▶ _EXERCISE MATERIAL_:
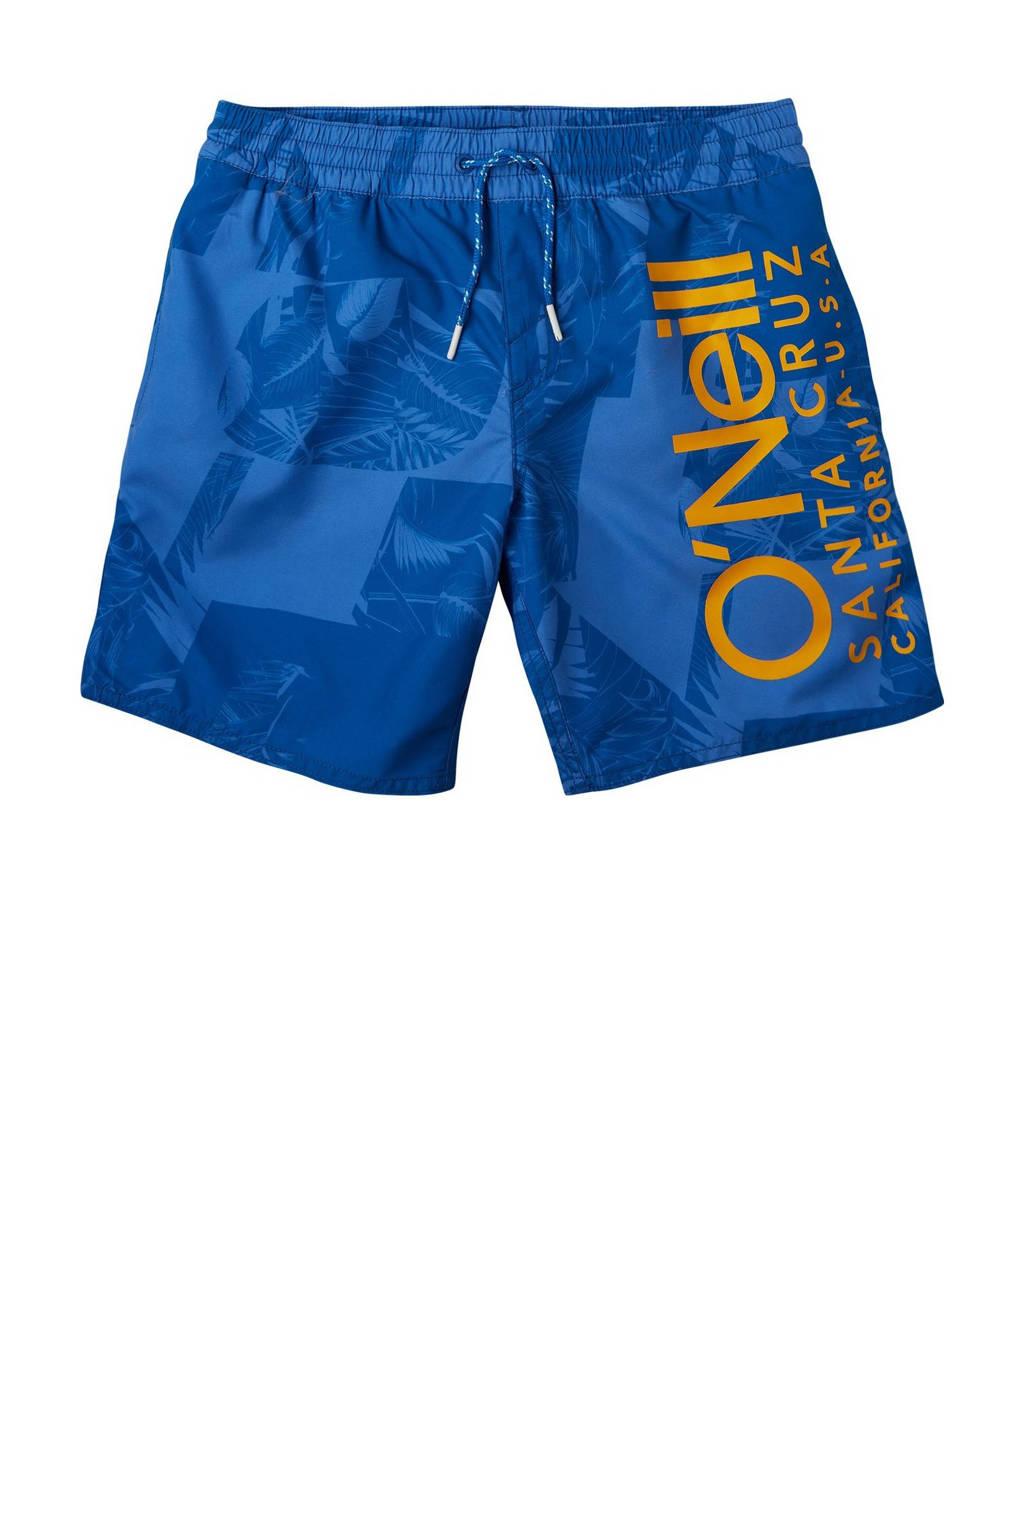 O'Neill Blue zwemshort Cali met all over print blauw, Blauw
==
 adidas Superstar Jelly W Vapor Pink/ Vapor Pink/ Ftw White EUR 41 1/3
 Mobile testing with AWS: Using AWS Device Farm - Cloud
--
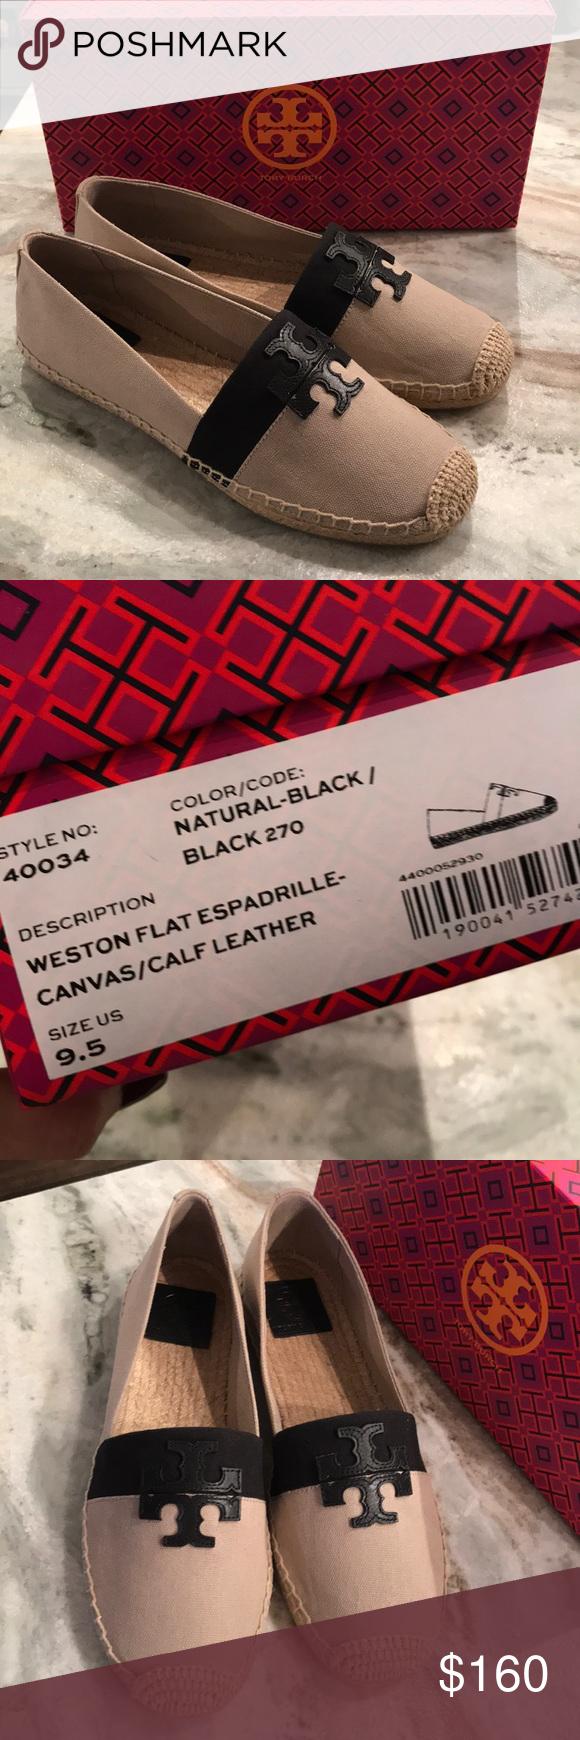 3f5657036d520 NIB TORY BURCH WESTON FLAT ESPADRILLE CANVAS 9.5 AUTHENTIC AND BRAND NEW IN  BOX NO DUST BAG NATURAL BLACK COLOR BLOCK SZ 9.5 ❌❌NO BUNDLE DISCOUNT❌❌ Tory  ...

▶ _YOUR INSTRUCTIONS_:
Set down, exactly as they stand above, the lines starting with the line with "adidas Superstar Jelly" and going on through the line with "Mobile testing with", and no others.

▶ _TASK RESULT_:
 adidas Superstar Jelly W Vapor Pink/ Vapor Pink/ Ftw White EUR 41 1/3
 Mobile testing with AWS: Using AWS Device Farm - Cloud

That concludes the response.